Invalid traffic in programmatic ads averaged 17% in Q2 2023 -report

Pixalate, a company specializing in fraud protection, privacy, and compliance analytics, has released its latest report which highlights a 17% average rate of invalid traffic (IVT) in open programmatic advertising across desktop web, mobile web, and mobile apps during the second quarter of this year.

The report, titled “Q2 2023 Global Click Fraud Benchmarks Report,” specifically examined the prevalence of invalid or fraudulent clicks in open programmatic ads for the month of June. Fraudsters exploit advertisers’ campaign optimizations to generate fake clicks, creating an illusion of increased engagement and value for their inventory.

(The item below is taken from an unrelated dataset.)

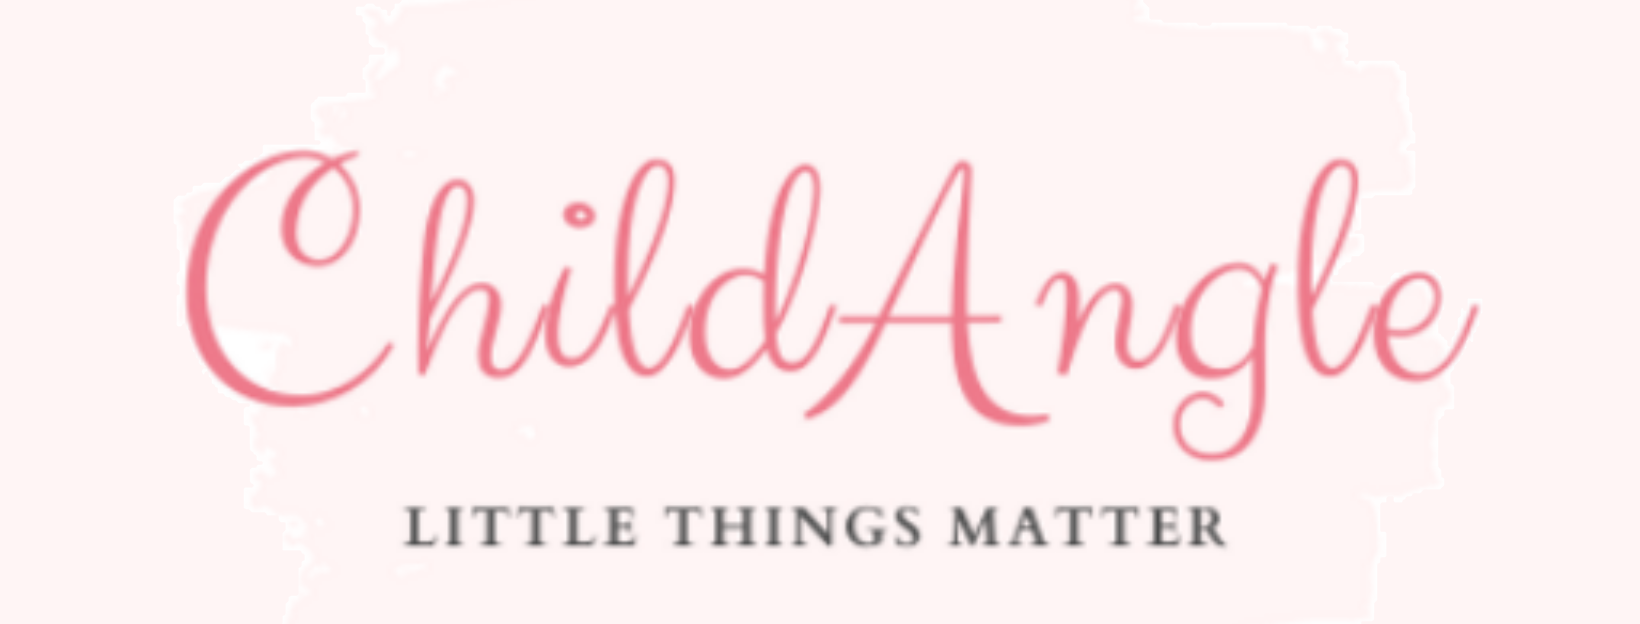 ChildAngle logo

Among the different platforms, the desktop web exhibited the highest average IVT rate at 21%. Following closely behind, mobile web experienced an IVT rate of 16%, while mobile apps had the lowest IVT rate at 13%.

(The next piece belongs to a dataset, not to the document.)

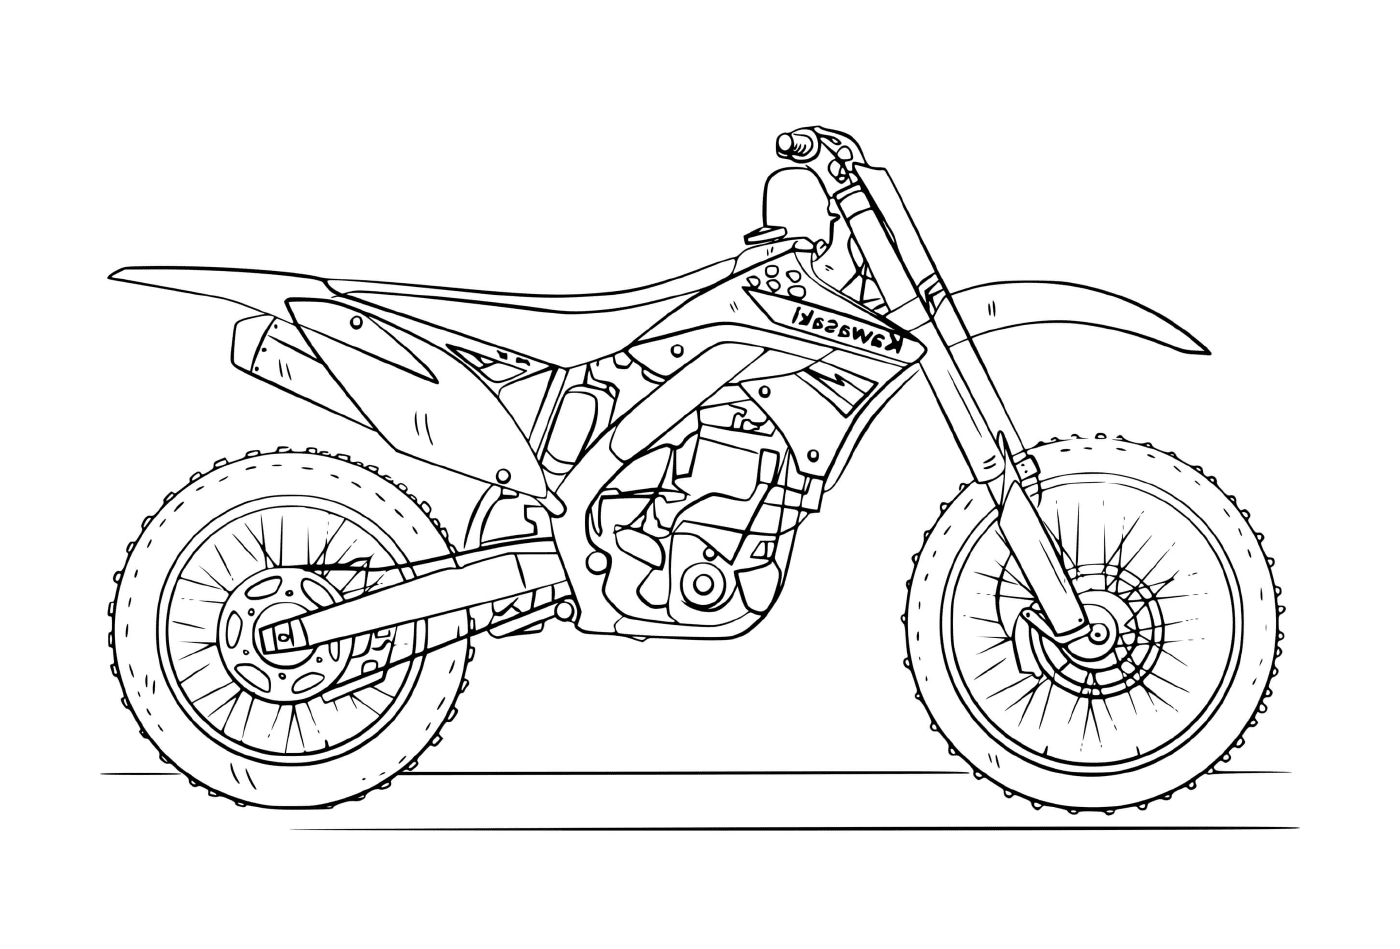  Moto croce Kawasaki a riposo

A significant portion of the invalid clicks, approximately 57%, originated from click farms and data centers. Interestingly, click farms also contributed to 20% of all invalid clicks on mobile apps.

Within the realm of mobile apps, the 729 x 90 leaderboard ad size stood out with an invalid click rate twice as high as the overall average for mobile apps. Specifically, the invalid click rate for the leaderboard ad size was 26%, compared to the overall mobile app average of 13%.

In terms of different advertising categories on desktop web domains, the health category exhibited the highest rate of fraudulent ad clicks at 44%. Other categories such as arts, entertainment, government, and regional desktop web domains displayed rates hovering around 30%.

“The sophisticated schemes deployed by ad fraudsters are not just generating fake traffic but fake clicks as well,” said the vice president of ad product, ad fraud at Pixalate, Amit Shetty. “Advertisers are willing to spend more for higher click-through rates, but this mindset should come with a heightened sense of scrutiny, as fraudsters always follow the money.”

Fraudulent actions in the world of tech are unfortunately not uncommon. According to a report released in April, developers were exposed to $5.4 billion in app install fraud. Some companies, like Apple, succeed in their efforts to prevent those actions. In May, Apple announced that its App Store prevented more than $2 billion in potentially fraudulent transactions in 2022.